• [YOUR GOAL]: Every record, down to the last line, must be given again exactly.

[Recorded data]
#####

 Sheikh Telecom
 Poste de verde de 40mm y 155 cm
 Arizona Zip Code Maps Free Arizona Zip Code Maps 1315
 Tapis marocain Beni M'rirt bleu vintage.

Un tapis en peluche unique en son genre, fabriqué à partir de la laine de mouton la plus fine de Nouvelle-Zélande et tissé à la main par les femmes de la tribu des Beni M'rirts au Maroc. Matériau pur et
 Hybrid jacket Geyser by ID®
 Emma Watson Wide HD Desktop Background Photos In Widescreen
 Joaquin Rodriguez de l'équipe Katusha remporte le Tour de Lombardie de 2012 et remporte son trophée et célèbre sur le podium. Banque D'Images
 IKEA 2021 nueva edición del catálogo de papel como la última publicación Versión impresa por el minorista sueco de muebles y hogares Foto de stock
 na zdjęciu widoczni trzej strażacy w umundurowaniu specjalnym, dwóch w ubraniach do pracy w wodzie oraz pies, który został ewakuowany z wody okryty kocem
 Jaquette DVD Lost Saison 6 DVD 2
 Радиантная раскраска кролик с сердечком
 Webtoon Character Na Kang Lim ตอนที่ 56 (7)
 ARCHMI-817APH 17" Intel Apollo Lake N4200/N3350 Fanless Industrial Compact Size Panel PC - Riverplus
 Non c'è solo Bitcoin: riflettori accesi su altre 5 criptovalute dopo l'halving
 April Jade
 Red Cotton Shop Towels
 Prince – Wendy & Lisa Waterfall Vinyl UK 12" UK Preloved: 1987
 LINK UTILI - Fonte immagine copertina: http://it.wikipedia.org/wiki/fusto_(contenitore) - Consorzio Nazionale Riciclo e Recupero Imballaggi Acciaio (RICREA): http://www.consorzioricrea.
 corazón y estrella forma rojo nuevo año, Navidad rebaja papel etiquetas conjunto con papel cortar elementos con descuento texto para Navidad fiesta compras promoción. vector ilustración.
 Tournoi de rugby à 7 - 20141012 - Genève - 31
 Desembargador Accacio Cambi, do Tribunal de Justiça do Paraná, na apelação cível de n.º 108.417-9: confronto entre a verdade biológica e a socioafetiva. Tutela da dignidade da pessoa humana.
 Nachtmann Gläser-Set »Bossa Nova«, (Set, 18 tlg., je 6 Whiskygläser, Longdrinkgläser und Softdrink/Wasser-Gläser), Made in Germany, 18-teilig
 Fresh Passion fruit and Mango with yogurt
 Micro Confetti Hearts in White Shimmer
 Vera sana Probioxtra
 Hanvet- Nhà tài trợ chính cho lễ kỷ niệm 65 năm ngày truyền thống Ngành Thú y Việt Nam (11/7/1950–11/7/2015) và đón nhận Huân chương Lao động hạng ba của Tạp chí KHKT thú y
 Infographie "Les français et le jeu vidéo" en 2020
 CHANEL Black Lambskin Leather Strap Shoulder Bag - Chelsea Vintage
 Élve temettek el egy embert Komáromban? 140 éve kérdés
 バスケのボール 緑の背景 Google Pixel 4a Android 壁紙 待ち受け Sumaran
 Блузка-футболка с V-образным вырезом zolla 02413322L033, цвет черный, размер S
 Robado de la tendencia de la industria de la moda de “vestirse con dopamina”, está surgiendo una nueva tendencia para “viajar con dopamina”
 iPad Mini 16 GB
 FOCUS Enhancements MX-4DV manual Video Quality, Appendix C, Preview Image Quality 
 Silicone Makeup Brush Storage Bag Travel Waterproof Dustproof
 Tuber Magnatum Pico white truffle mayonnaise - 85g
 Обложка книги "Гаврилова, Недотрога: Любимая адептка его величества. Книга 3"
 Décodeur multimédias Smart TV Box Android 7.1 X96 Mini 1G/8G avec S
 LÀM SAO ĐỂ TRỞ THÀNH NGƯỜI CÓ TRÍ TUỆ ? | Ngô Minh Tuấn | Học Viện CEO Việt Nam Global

#####

• [EXERCISE OUTPUT]:
 Sheikh Telecom
 Poste de verde de 40mm y 155 cm
 Arizona Zip Code Maps Free Arizona Zip Code Maps 1315
 Tapis marocain Beni M'rirt bleu vintage.

Un tapis en peluche unique en son genre, fabriqué à partir de la laine de mouton la plus fine de Nouvelle-Zélande et tissé à la main par les femmes de la tribu des Beni M'rirts au Maroc. Matériau pur et
 Hybrid jacket Geyser by ID®
 Emma Watson Wide HD Desktop Background Photos In Widescreen
 Joaquin Rodriguez de l'équipe Katusha remporte le Tour de Lombardie de 2012 et remporte son trophée et célèbre sur le podium. Banque D'Images
 IKEA 2021 nueva edición del catálogo de papel como la última publicación Versión impresa por el minorista sueco de muebles y hogares Foto de stock
 na zdjęciu widoczni trzej strażacy w umundurowaniu specjalnym, dwóch w ubraniach do pracy w wodzie oraz pies, który został ewakuowany z wody okryty kocem
 Jaquette DVD Lost Saison 6 DVD 2
 Радиантная раскраска кролик с сердечком
 Webtoon Character Na Kang Lim ตอนที่ 56 (7)
 ARCHMI-817APH 17" Intel Apollo Lake N4200/N3350 Fanless Industrial Compact Size Panel PC - Riverplus
 Non c'è solo Bitcoin: riflettori accesi su altre 5 criptovalute dopo l'halving
 April Jade
 Red Cotton Shop Towels
 Prince – Wendy & Lisa Waterfall Vinyl UK 12" UK Preloved: 1987
 LINK UTILI - Fonte immagine copertina: http://it.wikipedia.org/wiki/fusto_(contenitore) - Consorzio Nazionale Riciclo e Recupero Imballaggi Acciaio (RICREA): http://www.consorzioricrea.
 corazón y estrella forma rojo nuevo año, Navidad rebaja papel etiquetas conjunto con papel cortar elementos con descuento texto para Navidad fiesta compras promoción. vector ilustración.
 Tournoi de rugby à 7 - 20141012 - Genève - 31
 Desembargador Accacio Cambi, do Tribunal de Justiça do Paraná, na apelação cível de n.º 108.417-9: confronto entre a verdade biológica e a socioafetiva. Tutela da dignidade da pessoa humana.
 Nachtmann Gläser-Set »Bossa Nova«, (Set, 18 tlg., je 6 Whiskygläser, Longdrinkgläser und Softdrink/Wasser-Gläser), Made in Germany, 18-teilig
 Fresh Passion fruit and Mango with yogurt
 Micro Confetti Hearts in White Shimmer
 Vera sana Probioxtra
 Hanvet- Nhà tài trợ chính cho lễ kỷ niệm 65 năm ngày truyền thống Ngành Thú y Việt Nam (11/7/1950–11/7/2015) và đón nhận Huân chương Lao động hạng ba của Tạp chí KHKT thú y
 Infographie "Les français et le jeu vidéo" en 2020
 CHANEL Black Lambskin Leather Strap Shoulder Bag - Chelsea Vintage
 Élve temettek el egy embert Komáromban? 140 éve kérdés
 バスケのボール 緑の背景 Google Pixel 4a Android 壁紙 待ち受け Sumaran
 Блузка-футболка с V-образным вырезом zolla 02413322L033, цвет черный, размер S
 Robado de la tendencia de la industria de la moda de “vestirse con dopamina”, está surgiendo una nueva tendencia para “viajar con dopamina”
 iPad Mini 16 GB
 FOCUS Enhancements MX-4DV manual Video Quality, Appendix C, Preview Image Quality 
 Silicone Makeup Brush Storage Bag Travel Waterproof Dustproof
 Tuber Magnatum Pico white truffle mayonnaise - 85g
 Обложка книги "Гаврилова, Недотрога: Любимая адептка его величества. Книга 3"
 Décodeur multimédias Smart TV Box Android 7.1 X96 Mini 1G/8G avec S
 LÀM SAO ĐỂ TRỞ THÀNH NGƯỜI CÓ TRÍ TUỆ ? | Ngô Minh Tuấn | Học Viện CEO Việt Nam Global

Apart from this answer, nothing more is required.